Yes, I tried "gsl_integration_qagiu" , it also couldn't handle the
oscillation and finally giving a very large +ve or -ve value.
I am doing multiple integrations(using say gsl_integration_qag) between
the zero's of J0(x) and summing up the series using some force convergence
method. Its is very slow method.
My integral is :
I(k)= \int_0^\infty [dx x J0(kx) F(x) ].
comes from
I(k)= 1/(2pi)*\int_0^\infty [ d^2x exp(i k.x) F(x)]
which is has a form very similar to a Fourier-Transform integration.

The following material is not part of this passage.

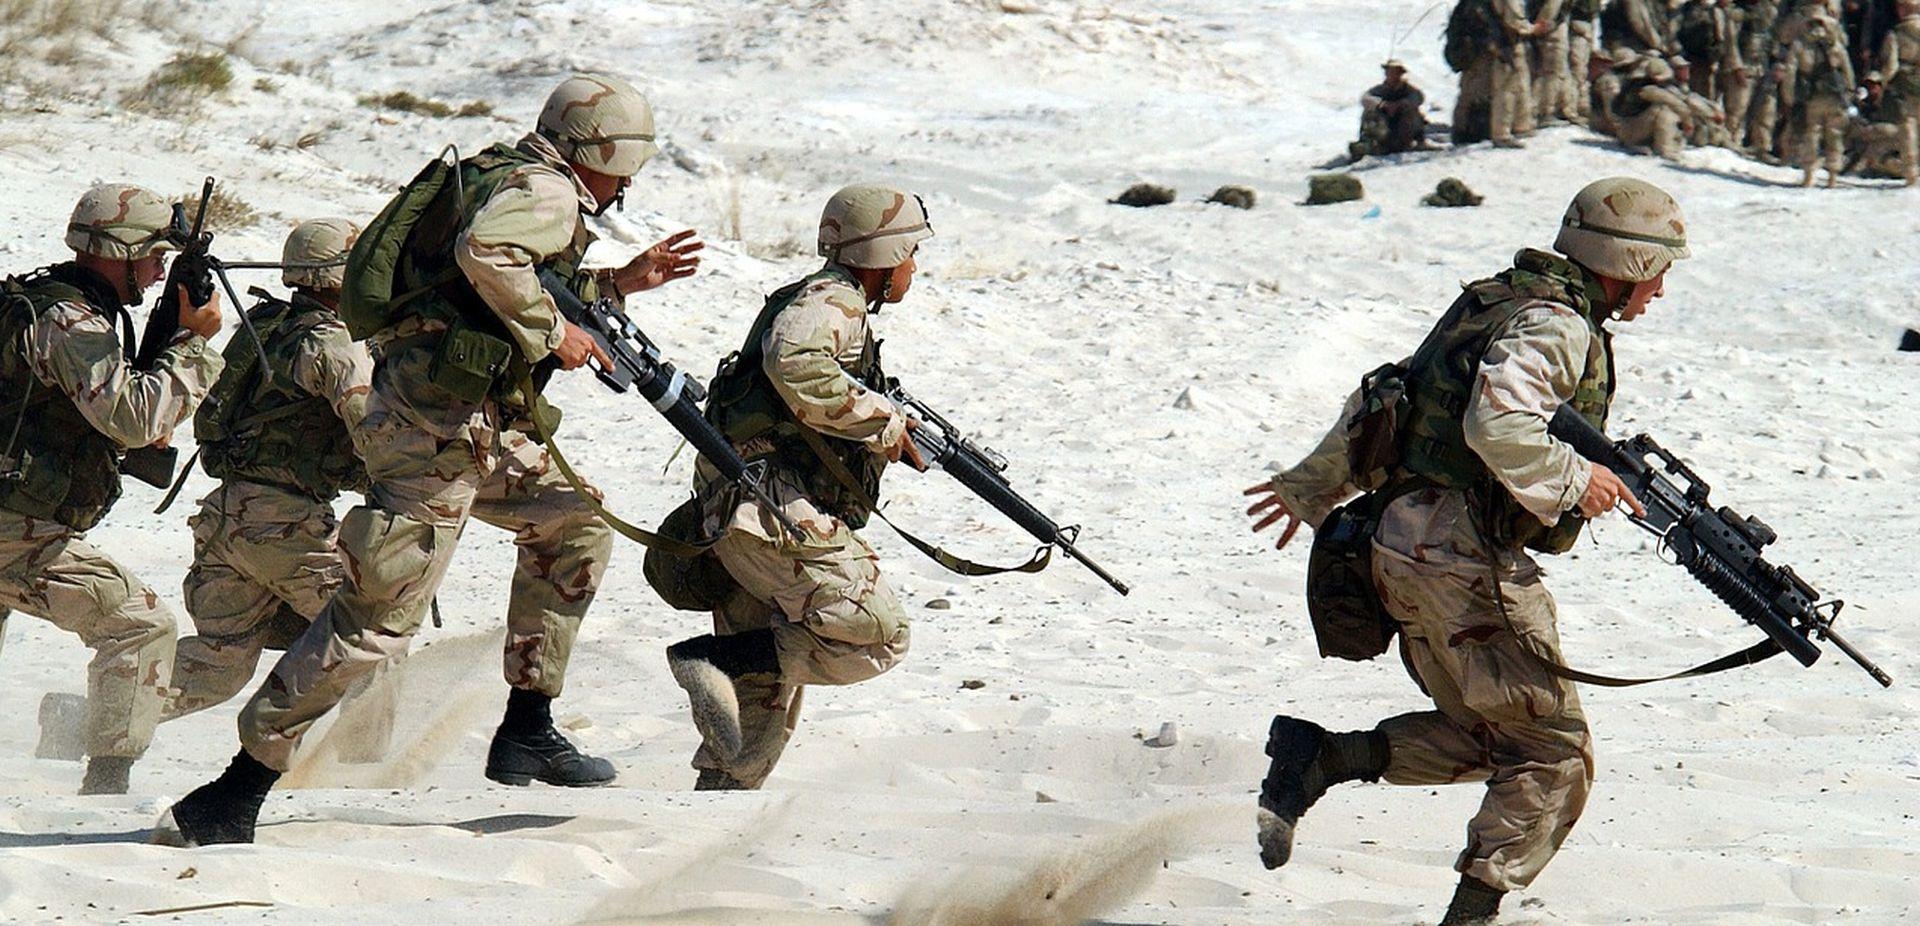 VOJNA SURADNJA Washington i Kijev započeli vojne vježbe u Ukrajini
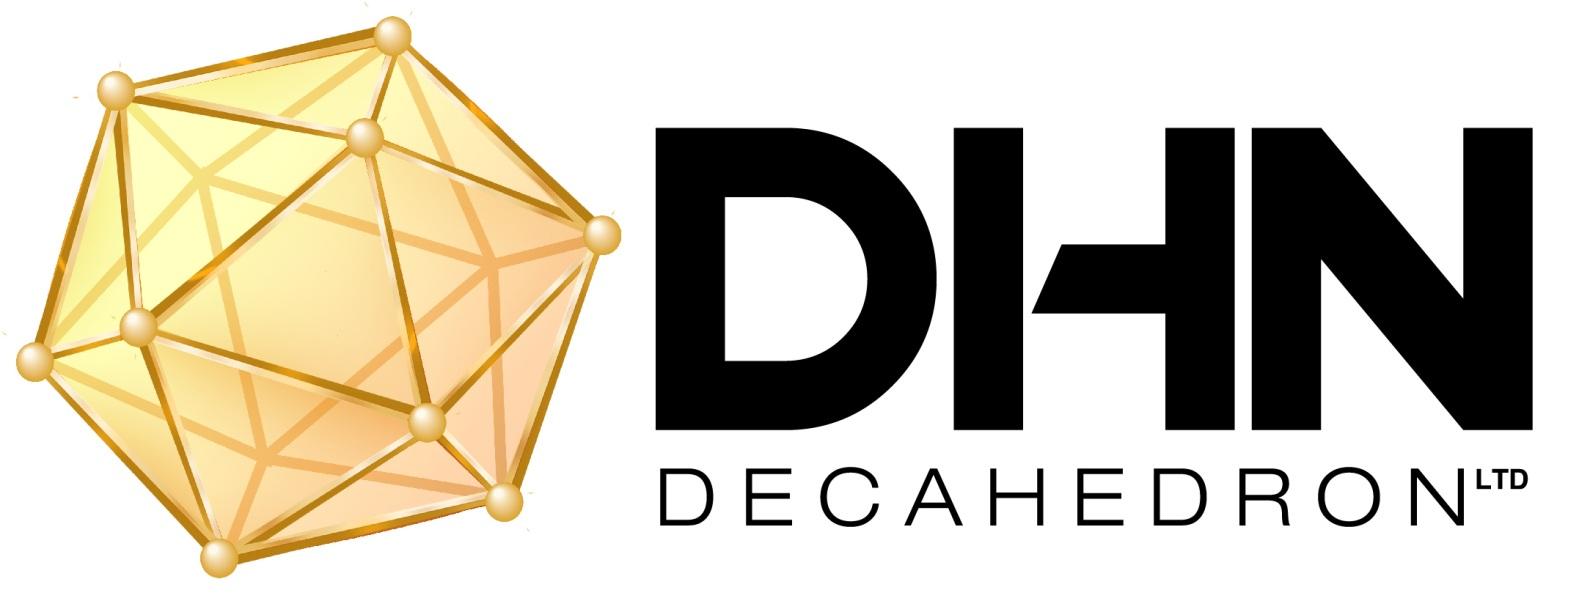 decahedron ltd medical articles harlow decahedron ltd in

is there any other efficient method to handle such integral?
regards,
Prithwish
>* At Wed, 2 Jun 2010 06:33:16 -0400,*
>* address@hidden wrote:*
>*> I am a beginer with gsl and I am trying to do an integration of the*
>*> form:*
>*>*
>*> \int_0^\infty [ x J0(x) F(x) ].*
>*>*
>*> J0(x) being oscillatory makes the integrtal +ve and -ve within its*
>*> consecutive zero's. Form of F(x) is such that the overall integrand is a*
>*> decaying function of x.*
>*>*
>*> How to handle this type of integration using gsl.*
>*>*
>*> I tried using "gsl_integration_qag", but its not giving the correct*
>*> results.*
>*>*
>
>* Did you try gsl_integration_qagiu (infinite upper limit)?*
>